## YOUR GOAL
Beginning at the line with "Disneyland Paris - Electroland 2019", please repeat each line exactly through the end of the records below, including that first line and the last, but no pictures.

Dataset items

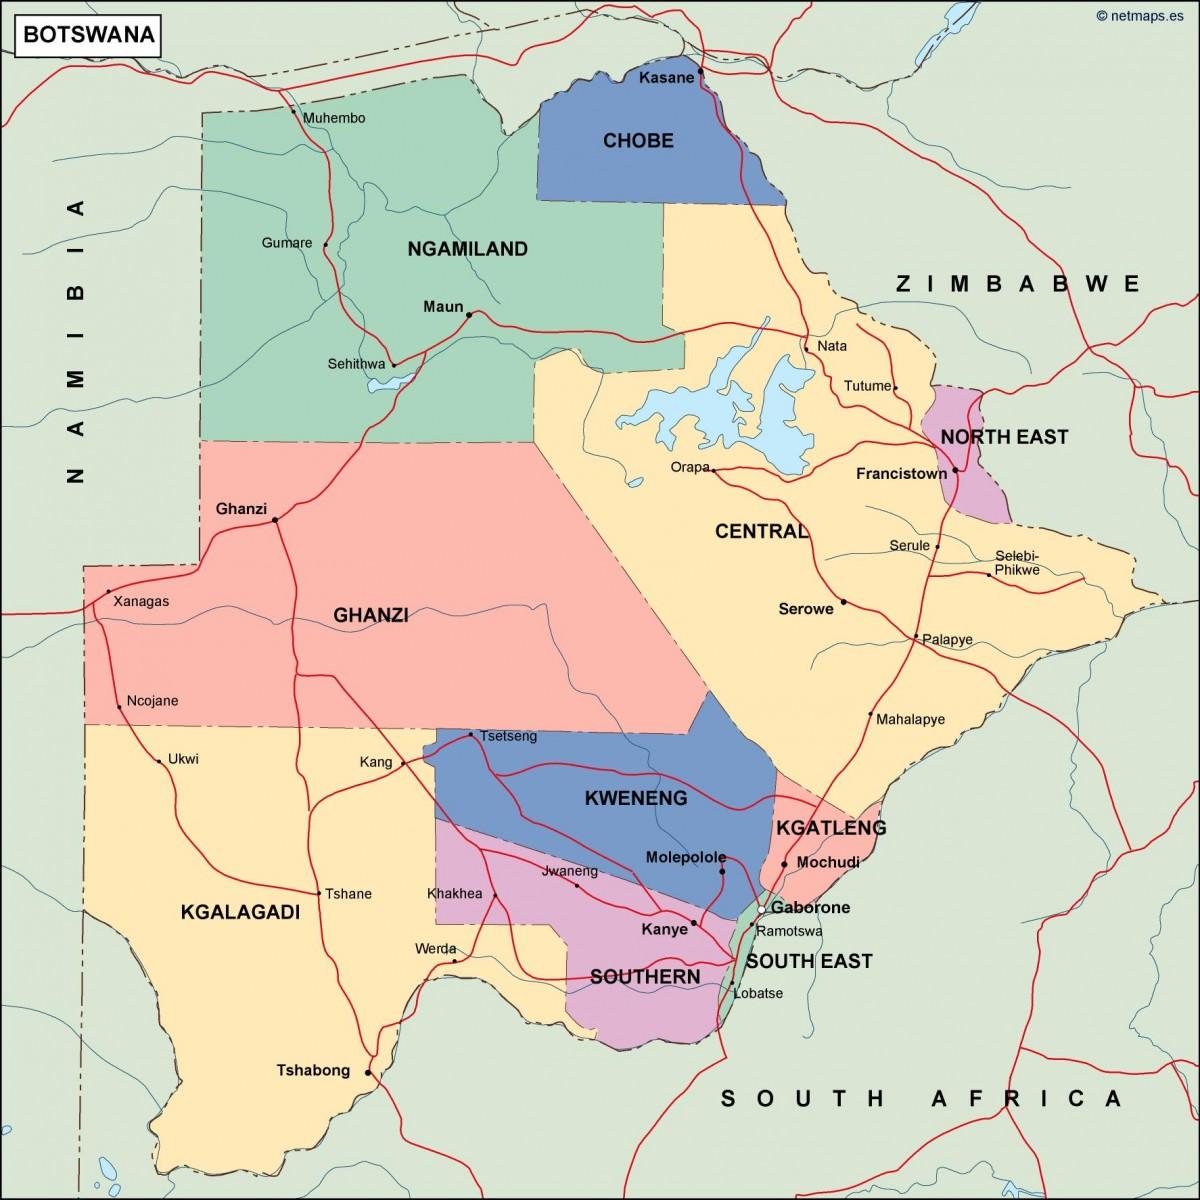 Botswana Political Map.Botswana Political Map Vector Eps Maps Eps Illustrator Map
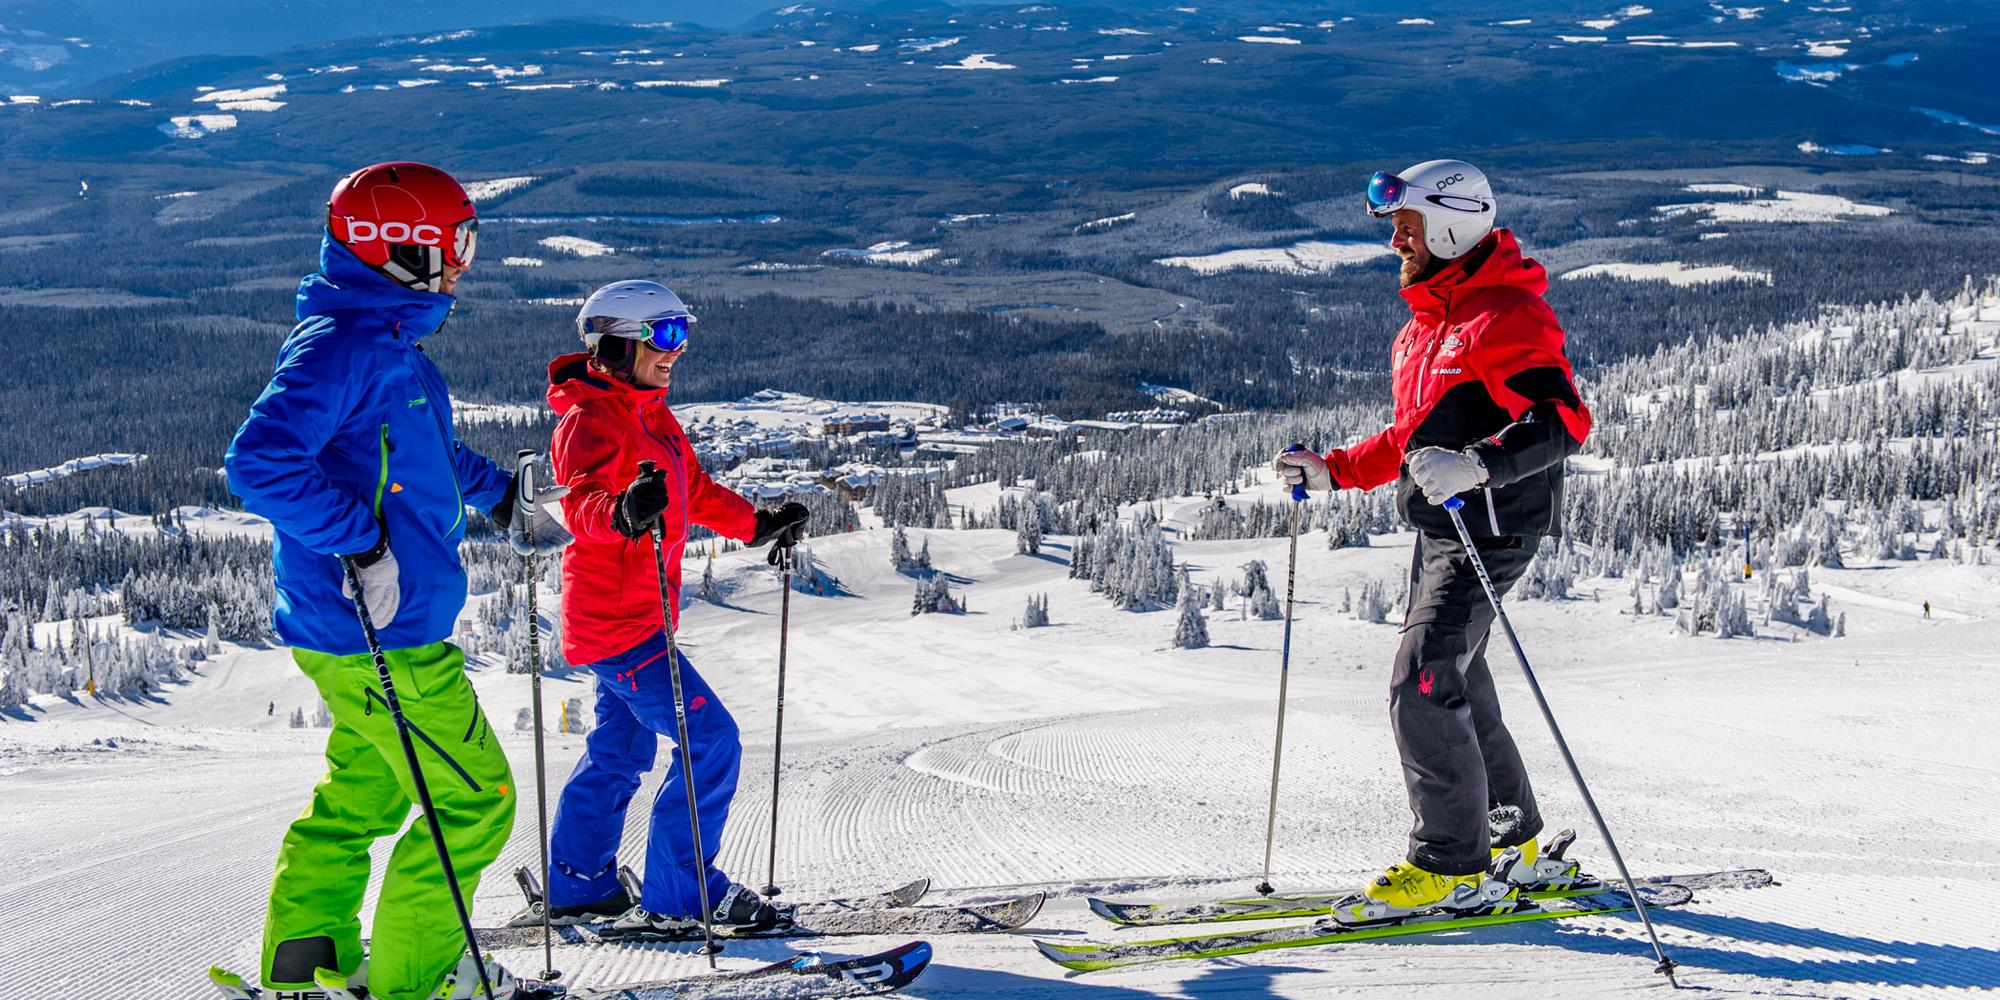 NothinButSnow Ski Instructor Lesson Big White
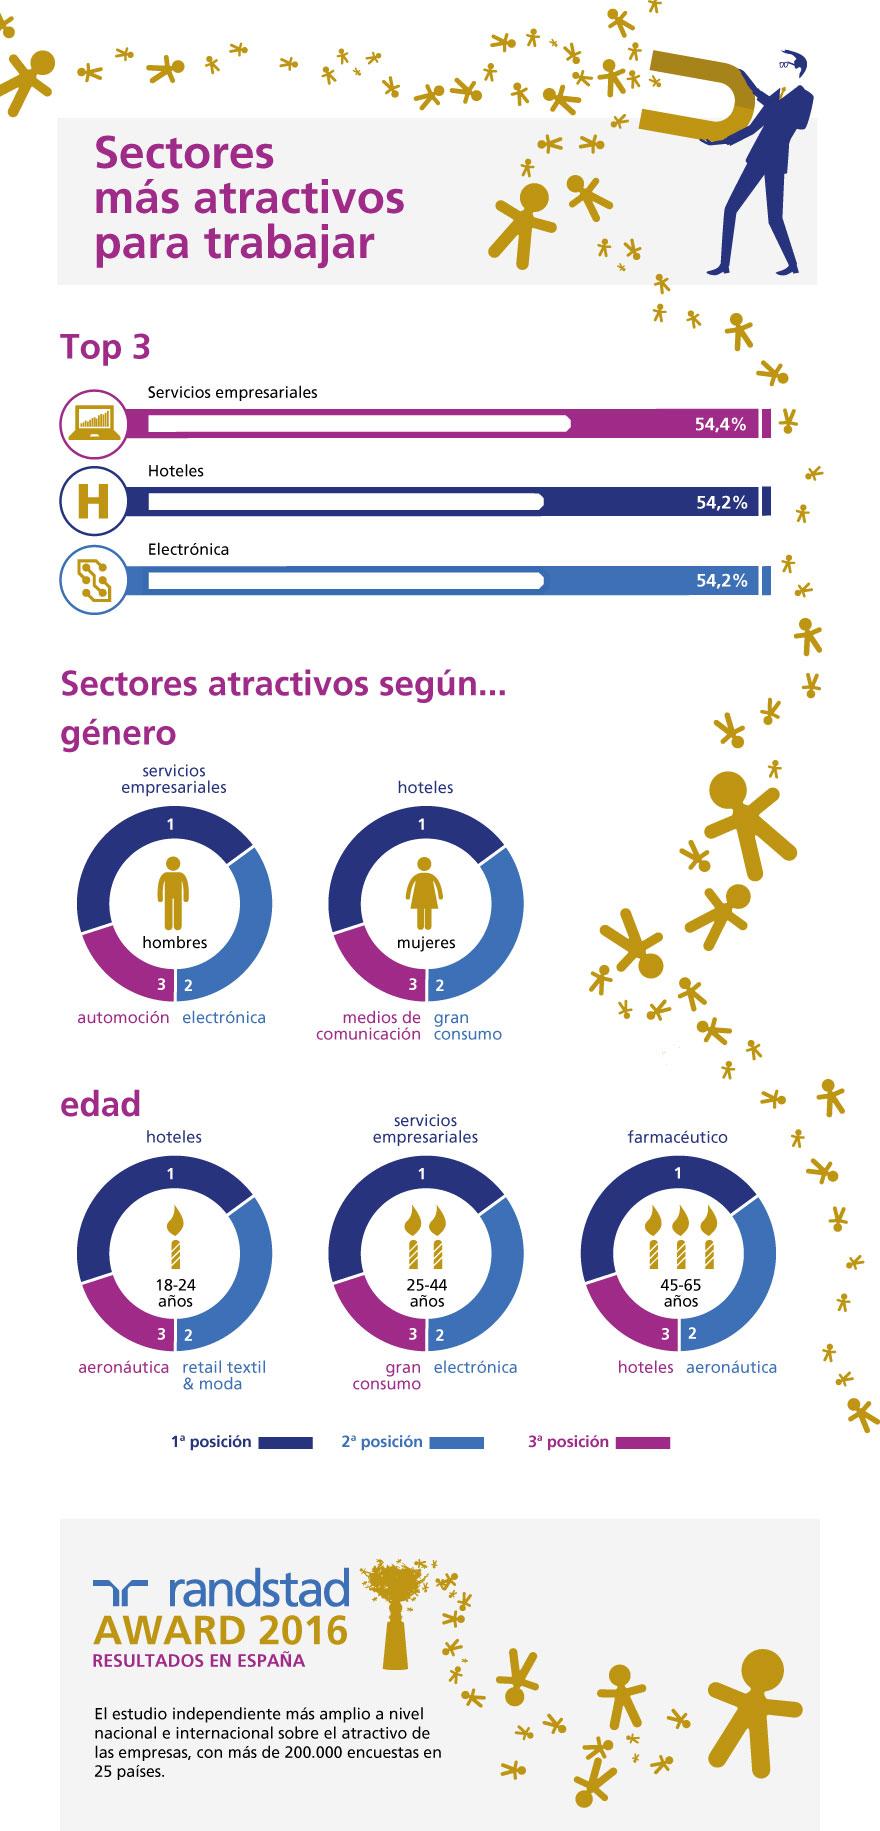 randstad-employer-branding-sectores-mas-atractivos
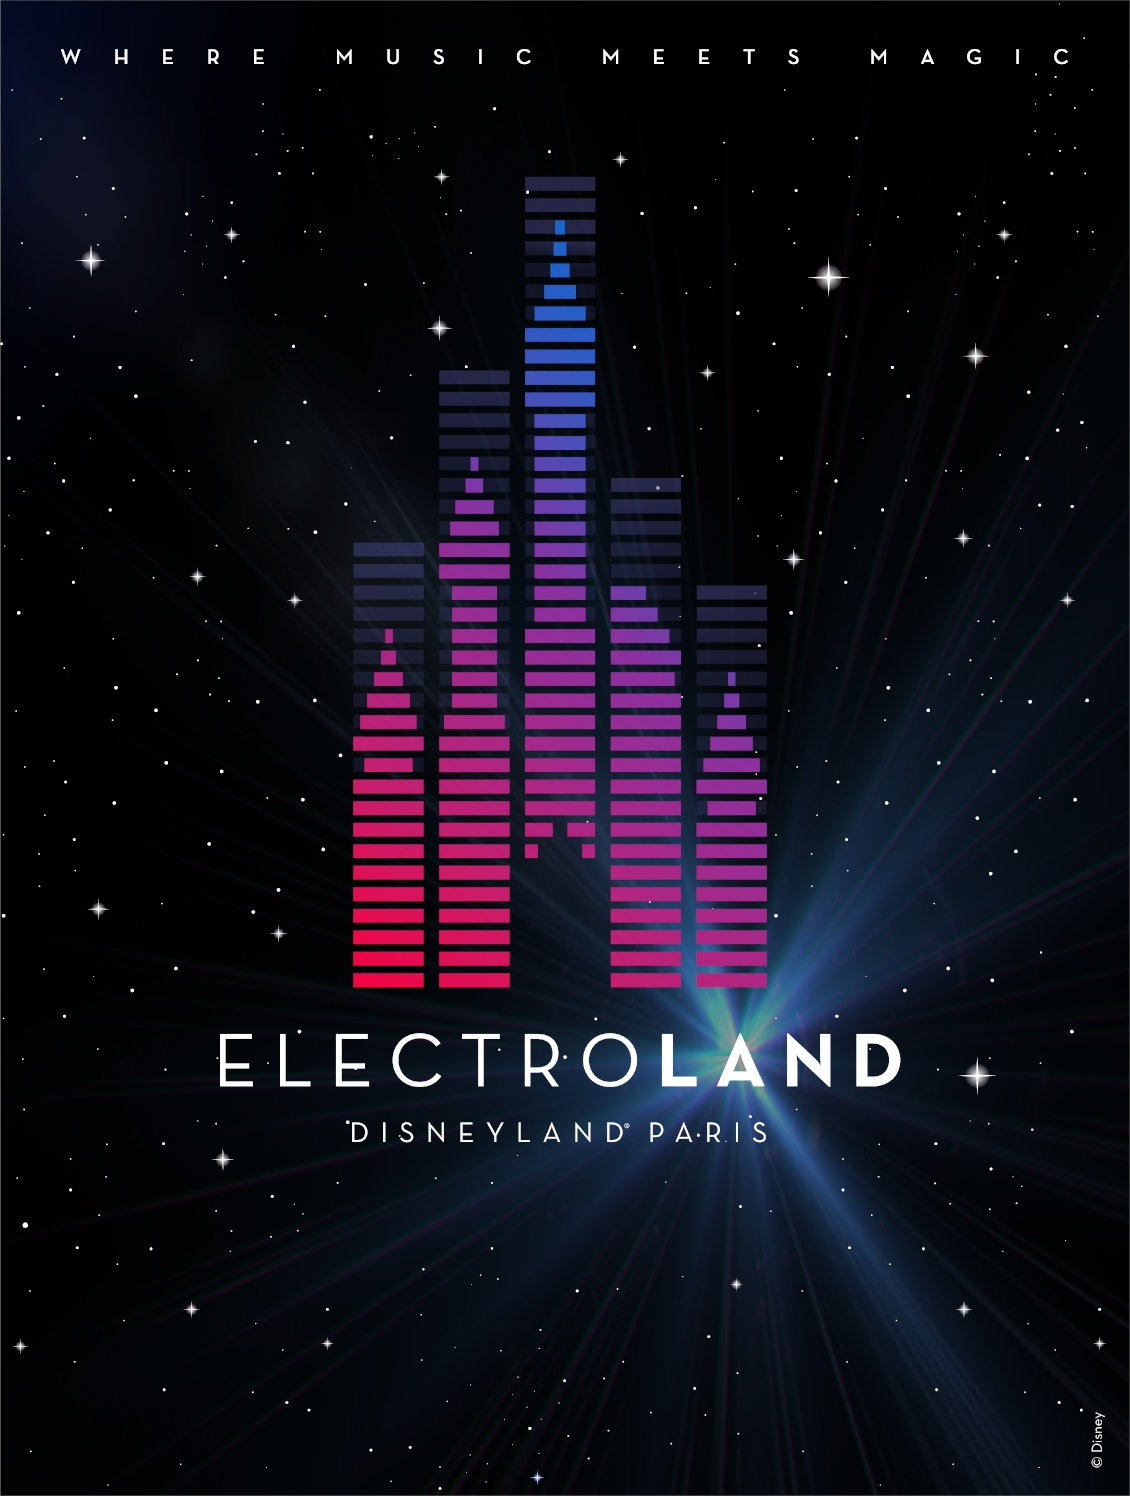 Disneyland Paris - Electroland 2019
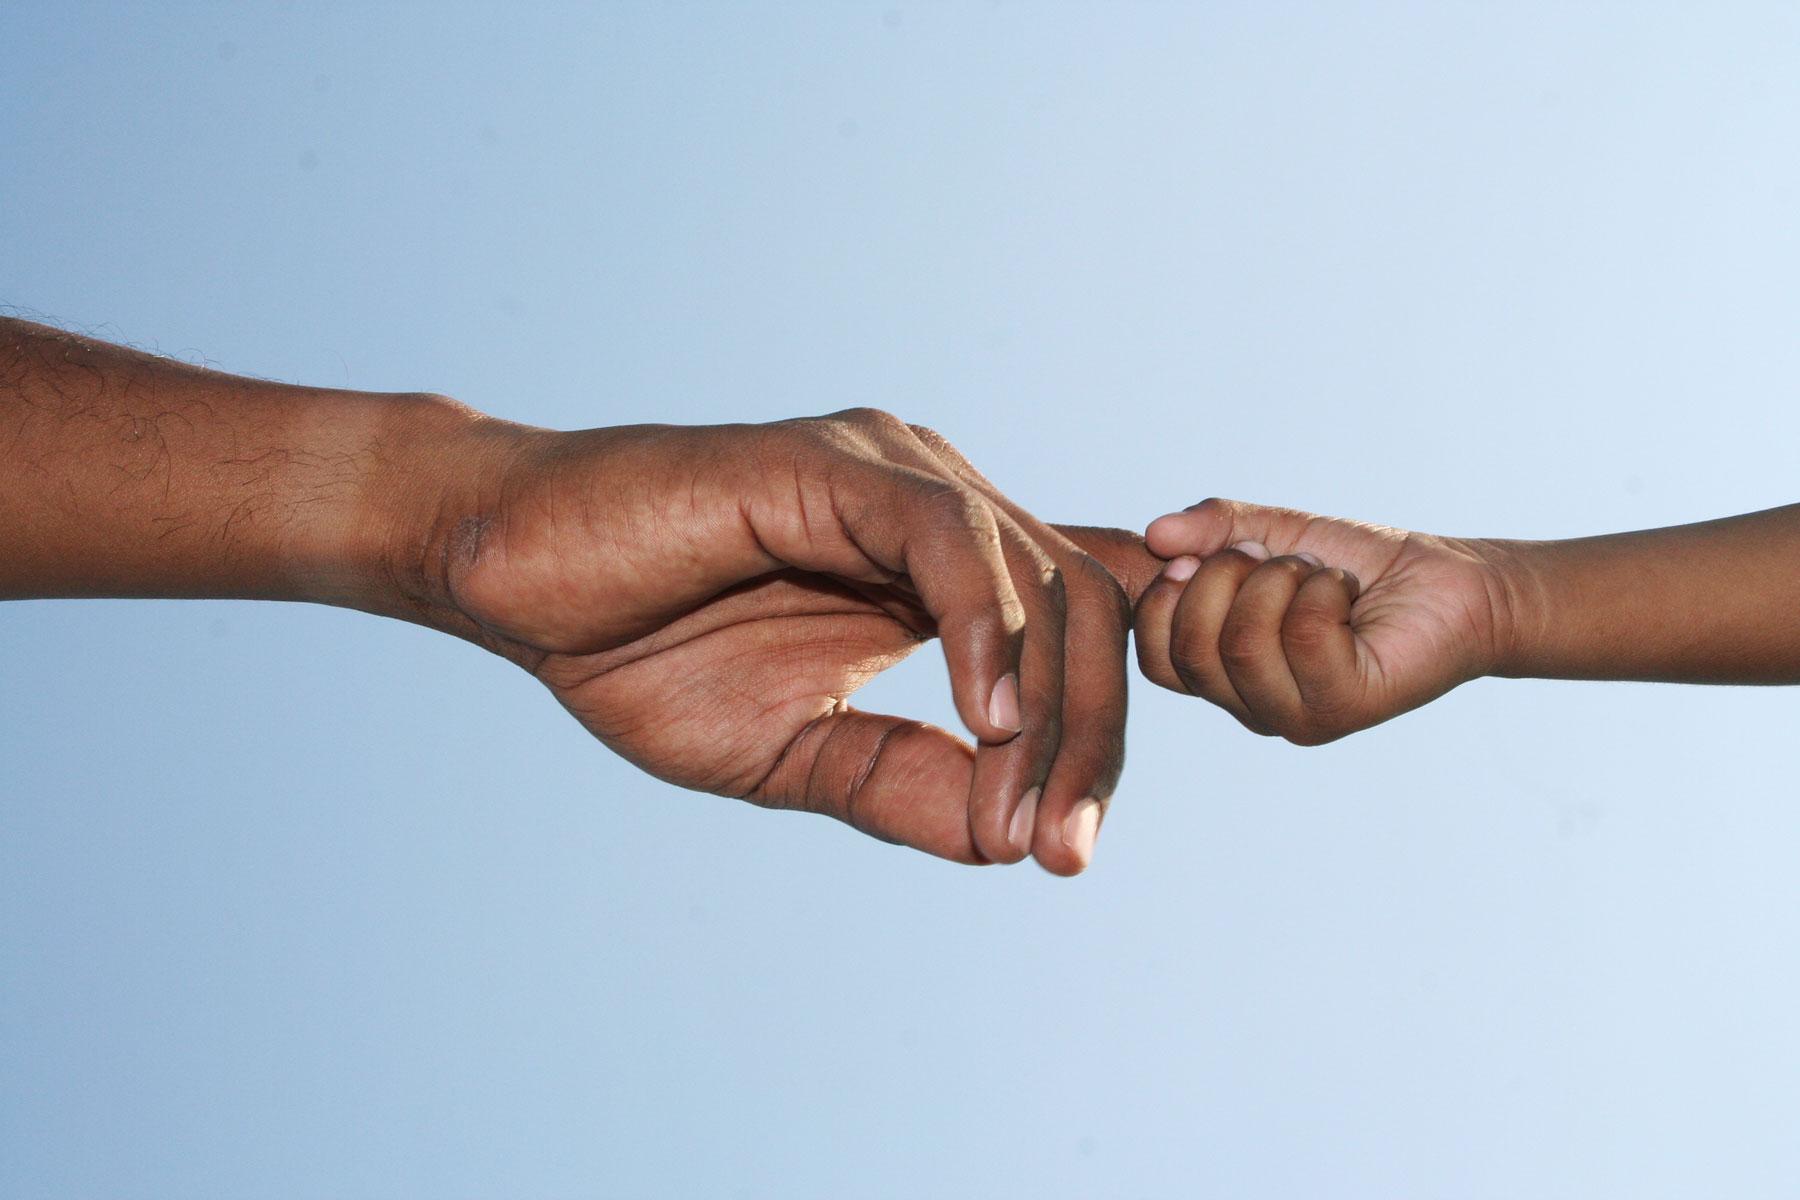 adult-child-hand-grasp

## COMPLETED EXERCISE
 Disneyland Paris - Electroland 2019
 adult-child-hand-grasp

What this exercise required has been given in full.